Arahan Rektor UIN Surakarta

Dalam sambutannya, Rektor menegaskan bahwa sinkronisasi program bukan sekadar agenda rutin. Menurutnya, forum ini penting untuk menyatukan langkah fakultas dengan visi besar universitas. “FEBI harus menjadi motor penggerak. Program akademik, riset, dan pengabdian masyarakat harus relevan dengan kebutuhan bangsa,” tegas Prof. Toto.

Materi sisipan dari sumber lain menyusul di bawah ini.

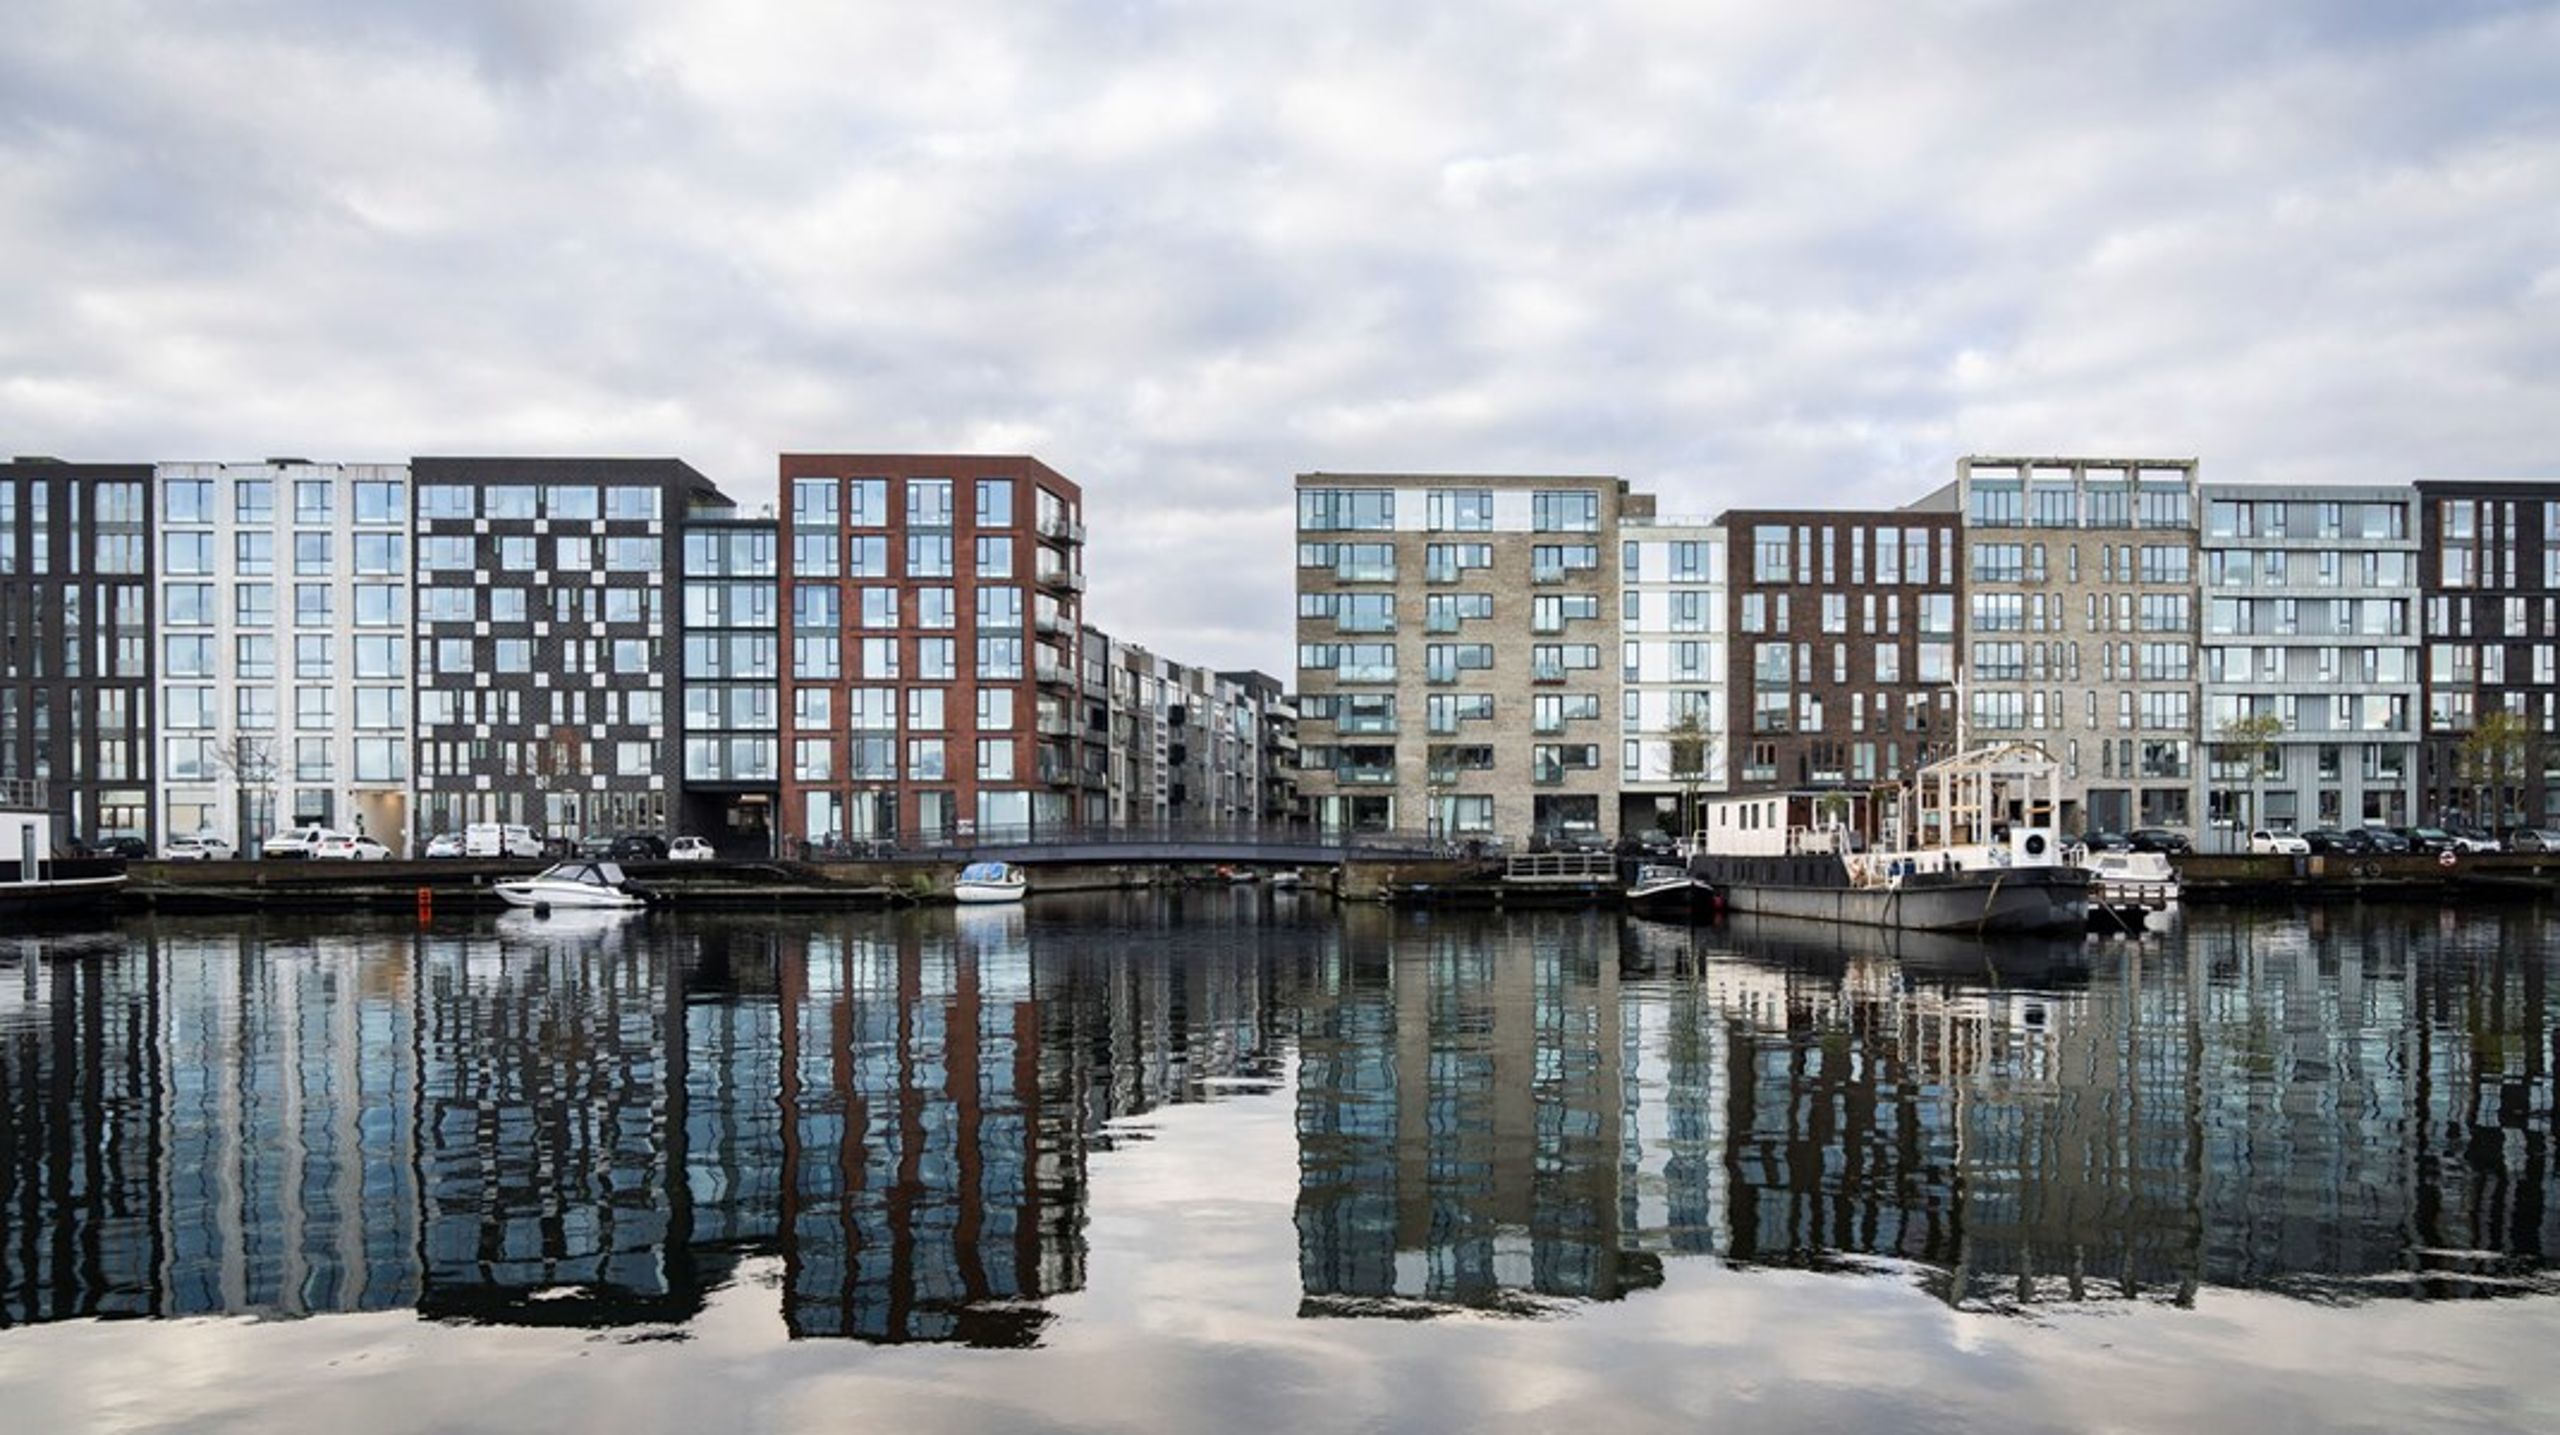 Ekspertgruppe under Kulturministeriet skal give sit bud på en ny dansk arkitekturpolitik. I første omgang har ekspertgruppen tegnet et udfordringsbillede med centrale problemer i dag, som en ny arkitekturpolitik skal løse.

Selain itu, beliau mendorong kolaborasi erat dengan stakeholder seperti pasar modal, perbankan syariah, dan dunia industri. Dengan adanya kerja sama, FEBI diharapkan mampu melahirkan inovasi yang mendukung perkembangan ekonomi Islam.

Peran Strategis FEBI UIN Surakarta

Rektor menambahkan, sinkronisasi program FEBI juga penting untuk memperkuat peran fakultas dalam ekosistem UIN Surakarta. Menurutnya, kualitas lulusan harus diutamakan. “Mahasiswa FEBI harus unggul, santun, dan mahir berdigital. Itu hanya bisa dicapai melalui perencanaan yang matang serta sinergi antar pihak,” ujarnya.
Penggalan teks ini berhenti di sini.